In their classic book on Spiritual Mentoring, Anderson and Reese give us various dimensions of the practice of spiritual mentoring. They say that spiritual mentoring:
. . . cultivates recognition of the already present action of God in the life of the mentoree through the Holy Spirit. (Keith R. Anderson and Randy D. Reese, Spiritual Mentoring [Downers Grove, IL: InterVarsity Press, 1999], 50.)
In a more recent book, Andersen expands on this:
Spiritual mentoring is not the inventive, individual work of the mentor, pastor, teacher or friend who tries to make something happen in the life of another. It is, instead, the work of reading what the Author is already writing in the days and nights of the mentee. Different than other forms of mentoring, spiritual mentoring starts with faith in the presence and voice of the living God. (Keith R. Anderson, Reading Your Life’s Story [Downers Grove, IL: Intervarsity Press, 2016], 40.)
In other words, it is not the spiritual mentor who is primarily responsible to effect change in his mentoree. It is the work of the Holy Spirit. Therefore a large part of spiritual mentoring is learning to recognise what the Spirit is up to in the life of the mentoree.
I thought of this aspect of spiritual mentoring when Bernice and I met up with Roger and Janice recently. Roger Capps was the person most instrumental in helping me realise that my vocation was to be a teacher of the Word of God.

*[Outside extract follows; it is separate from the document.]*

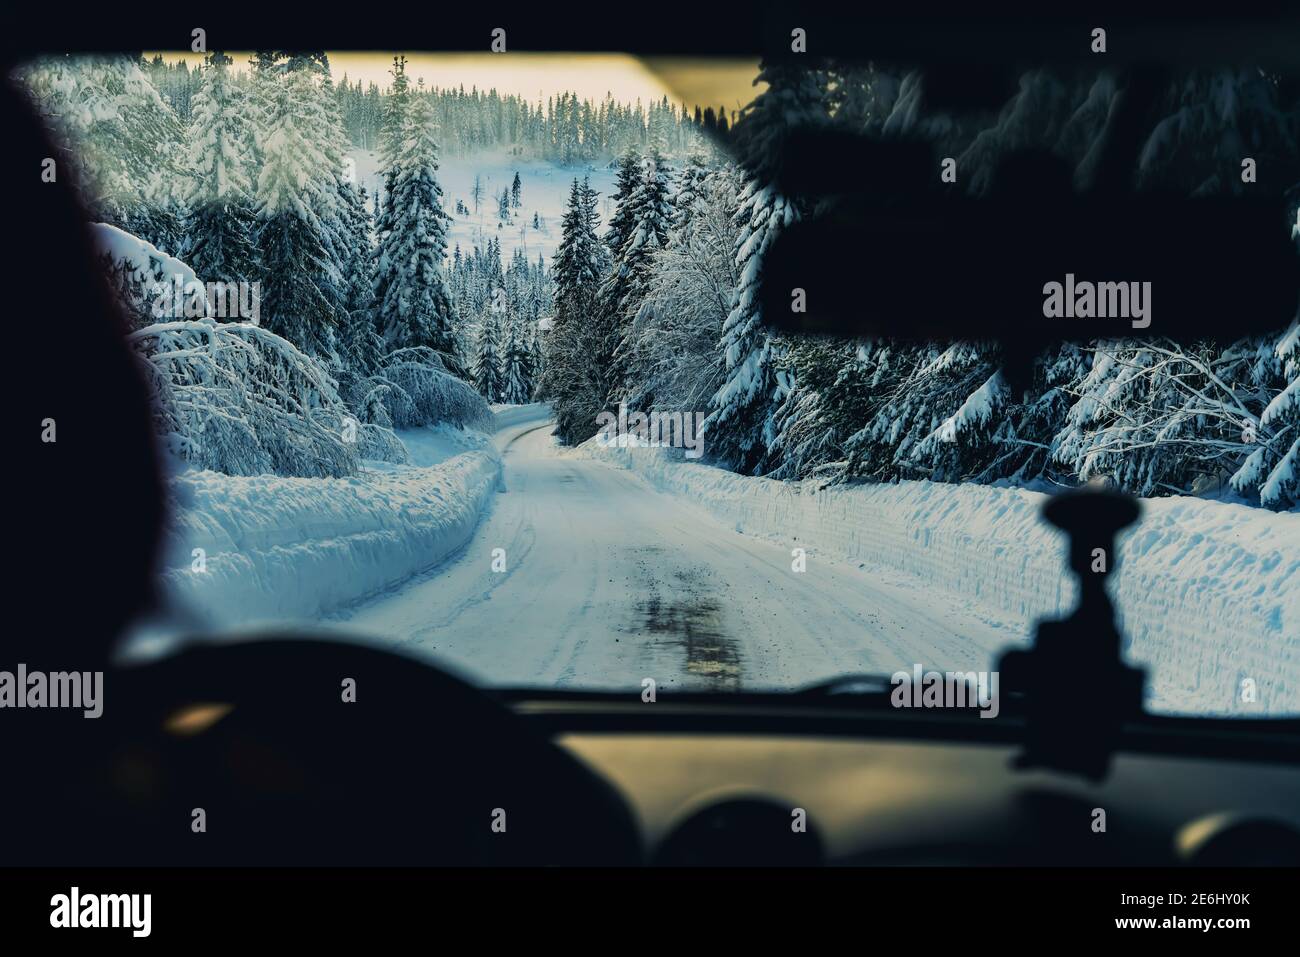 Tauchen auf einer verschneiten Straße durch ein Winterwunderland. Fahrersicht. Stockfoto

After my ‘A’ levels (pre-university), I was already thinking of going to seminary in preparation for ministering full time in church. Dad and mum convinced me that I should prepare for a secure job and serve God as a committed layman. They had suffered much during World War 2 and wanted their only son (and possible grandchildren) not to have to struggle to make ends meet. After all, they said, even the apostle Paul had a regular profession — tentmaker — while he served as a missionary.
My theology wasn’t that nuanced then. God does call people to serve in the marketplace. But there was the matter of my personal assignment. What was God calling me to do? Listening to my parents (this was the default response of my generation), I applied to the University of Singapore and, by some miracle, got a place in dental school. (If I applied today with those same grades, I wouldn’t even be on the waiting list.) I thought my life was settled. I would be a dentist and serve God in some lay capacity.
But throughout dental school, I continued to be concerned for the church. People were being won to the Lord but the quality of Bible teaching and preaching in most churches I knew was poor, so God’s people were not growing in Christ. For some reason this really bothered me. (I have since learnt that the Lord gives different burdens to different people.) I was even upset with Christ. After all, He was the Lord of the church. It was His responsibility to care for His church and that included calling out the pastors and Bible teachers the church needed. Why was He not doing so? Why was He failing in this key responsibility?
Then came the night that was to change my life. It was my final year of dental school. I was back in Penang on holiday. After prayer meeting one evening, a group of us adjourned to Gurney Drive for supper. Roger Capps was also in that group. Sometime that evening I turned to Roger and asked the fateful question: “Why wasn’t Jesus calling out more of His people to serve as pastor-teachers when the need was so obvious?” Roger’s answer was to change my life. “The Lord is calling but His people are not responding. You, for example.” Roger assures me that he is not always so direct. But that evening he was and it was a prophetic word that would change the whole trajectory of my life.
Looking back on that exchange that happened so many years ago (1977), it is clear to me now that Roger was just calling out what the Spirit had already been saying to me for some time. It wasn’t Roger who influenced me to enter the pastorate. It was the Spirit, God Himself. As a good mentor, Roger helped me recognise “the already present action of God”.
Bernice and I are committed to mentoring, encouraging and equipping others to mentor. But we are both clear that it is God who changes lives, not mentors. The mentor is a catalyst, a servant of the Lord who seeks to help the mentoree recognise the hand of God in his or her life. The need for spiritual mentoring is more critical than ever. But we need mentors who understand that God is the primary mentor.